▸ Directions for this task
Range to reproduce from the entries below: the line with "Sunbeam SB1818 Compact", the line with "Gospel Song: we_will_ride, lyrics", and every line in between. Give them exactly and give nothing else.

(Records from a data source)
···
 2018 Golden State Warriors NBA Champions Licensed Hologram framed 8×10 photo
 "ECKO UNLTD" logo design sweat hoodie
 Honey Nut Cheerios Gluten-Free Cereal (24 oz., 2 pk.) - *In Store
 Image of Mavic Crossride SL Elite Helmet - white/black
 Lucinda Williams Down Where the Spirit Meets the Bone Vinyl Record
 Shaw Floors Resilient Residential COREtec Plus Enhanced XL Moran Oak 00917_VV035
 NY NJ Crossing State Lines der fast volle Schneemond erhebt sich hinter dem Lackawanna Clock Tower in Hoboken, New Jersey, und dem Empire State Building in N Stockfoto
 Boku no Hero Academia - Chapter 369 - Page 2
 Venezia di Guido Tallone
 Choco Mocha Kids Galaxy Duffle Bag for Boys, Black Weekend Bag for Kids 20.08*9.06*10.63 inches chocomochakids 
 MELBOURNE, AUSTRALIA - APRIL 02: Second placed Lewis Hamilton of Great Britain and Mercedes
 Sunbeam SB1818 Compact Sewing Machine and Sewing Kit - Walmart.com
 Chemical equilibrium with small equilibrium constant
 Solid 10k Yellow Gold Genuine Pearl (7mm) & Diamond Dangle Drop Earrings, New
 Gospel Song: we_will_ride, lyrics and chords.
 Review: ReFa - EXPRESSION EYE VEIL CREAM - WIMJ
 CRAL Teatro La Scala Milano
···
▸ Solution to this task
 Sunbeam SB1818 Compact Sewing Machine and Sewing Kit - Walmart.com
 Chemical equilibrium with small equilibrium constant
 Solid 10k Yellow Gold Genuine Pearl (7mm) & Diamond Dangle Drop Earrings, New
 Gospel Song: we_will_ride, lyrics and chords.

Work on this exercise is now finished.